=== WORK ORDER ===
One exact copy of the listing, minus the images, is the required answer.

=== DATA SEGMENT ===
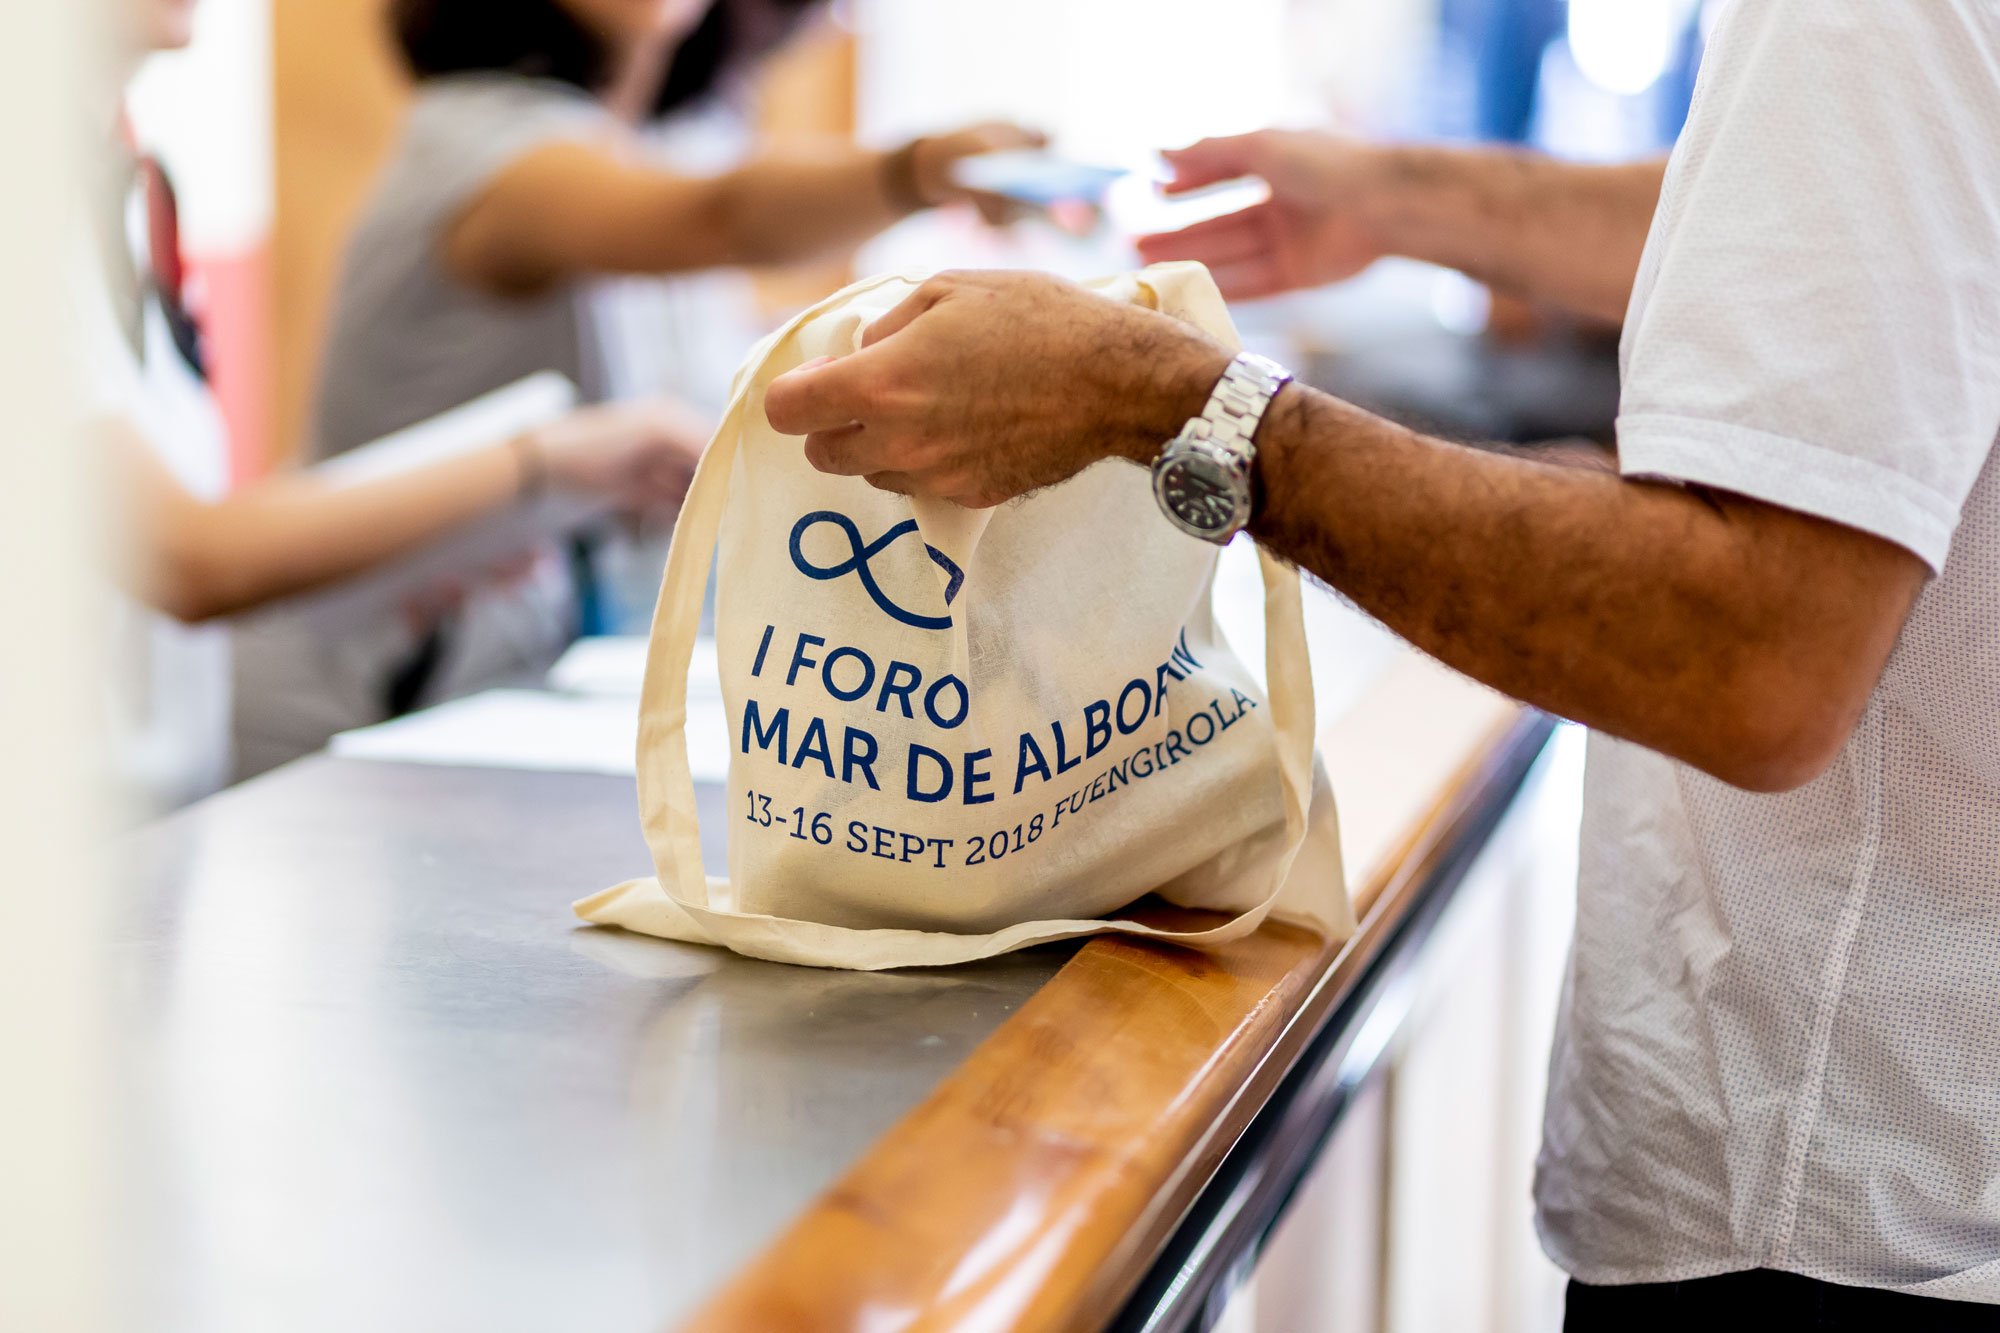 I Foro Mar de Alborán - Fans Marketing MÁLAGA
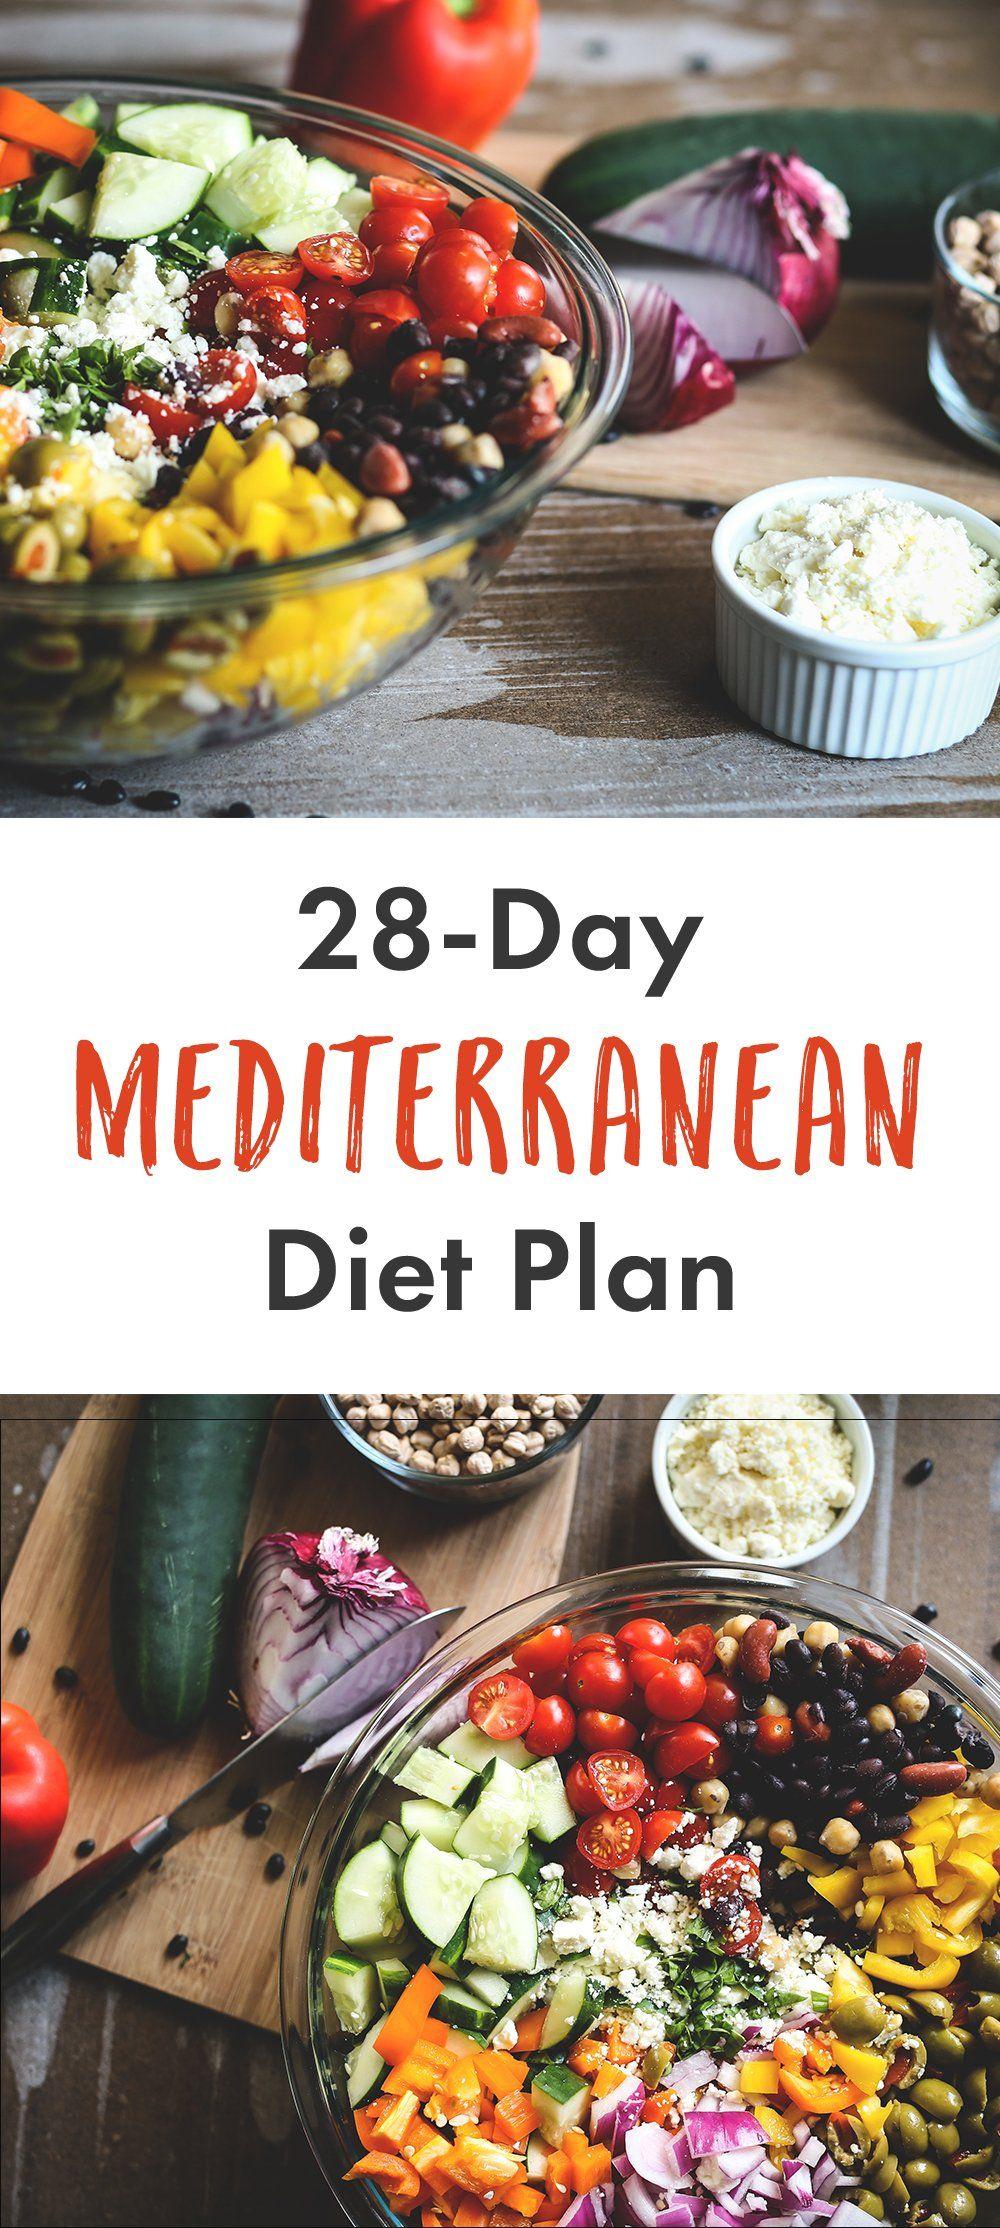 28 Day Mediterranean Diet Plan | Livestrong.com
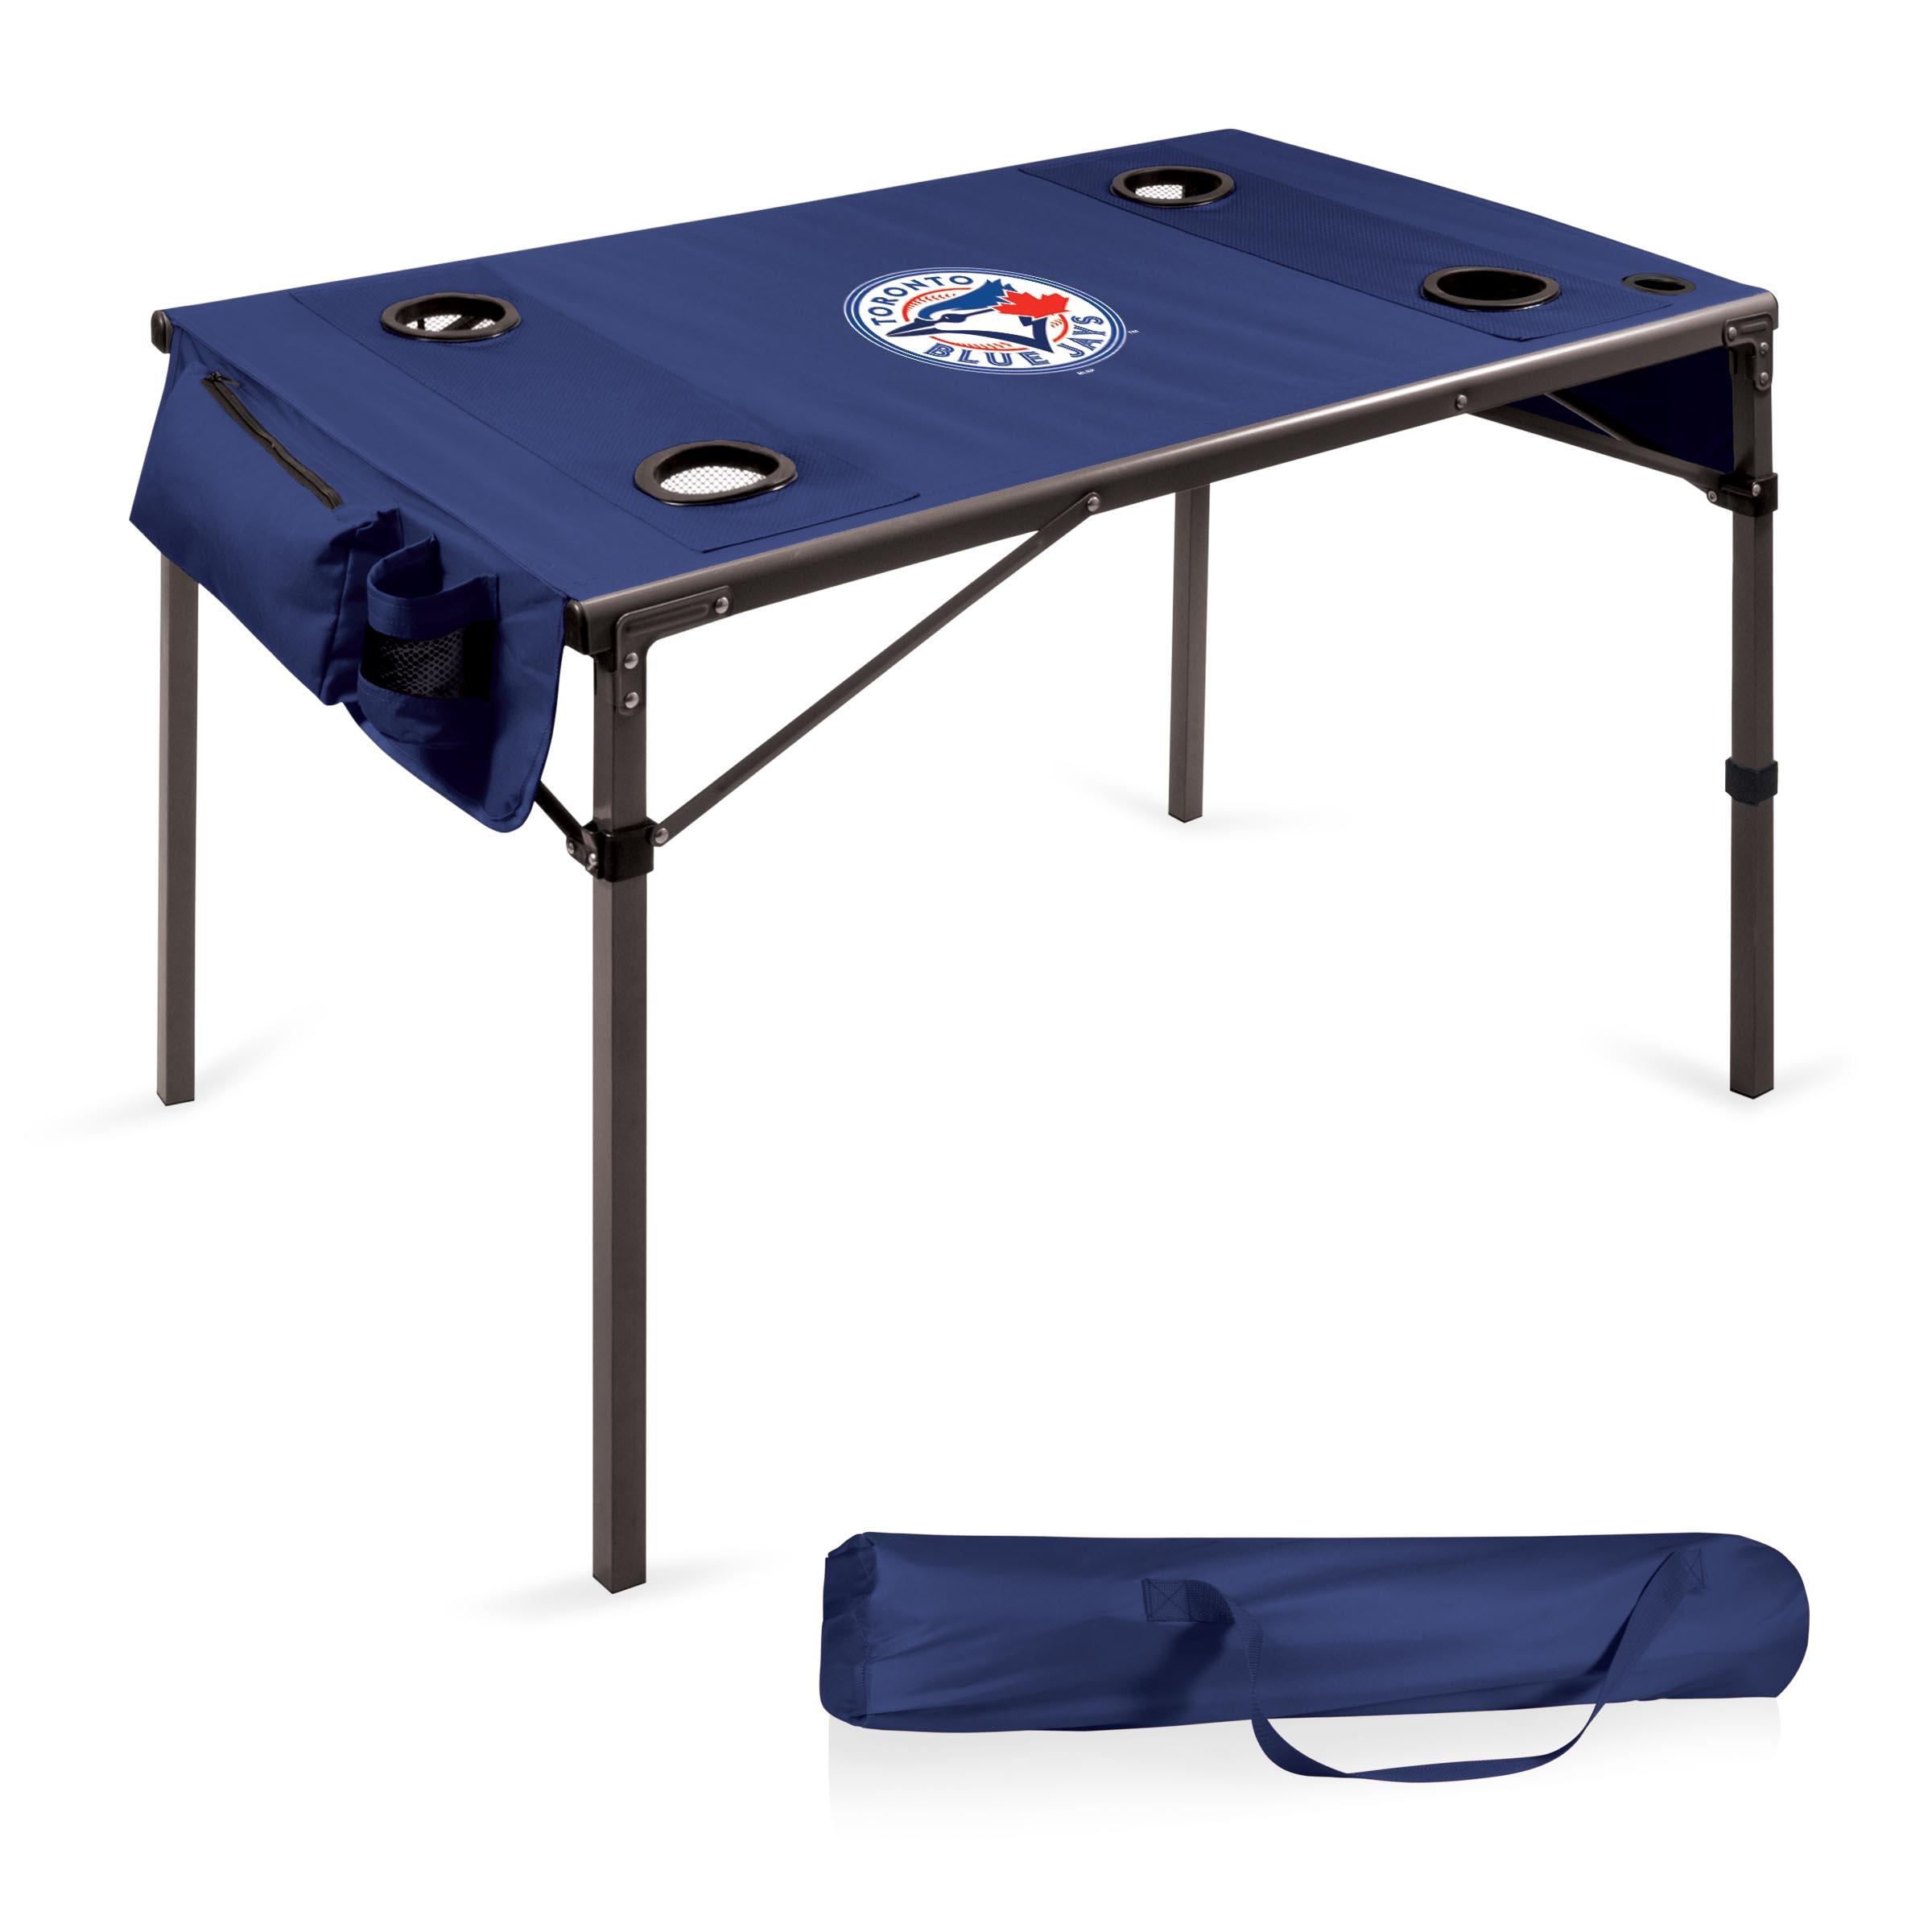 Toronto Blue Jays Portable Folding Travel Table - Navy - No Size

=== OUTPUT ===
 I Foro Mar de Alborán - Fans Marketing MÁLAGA
 28 Day Mediterranean Diet Plan | Livestrong.com
 Toronto Blue Jays Portable Folding Travel Table - Navy - No Size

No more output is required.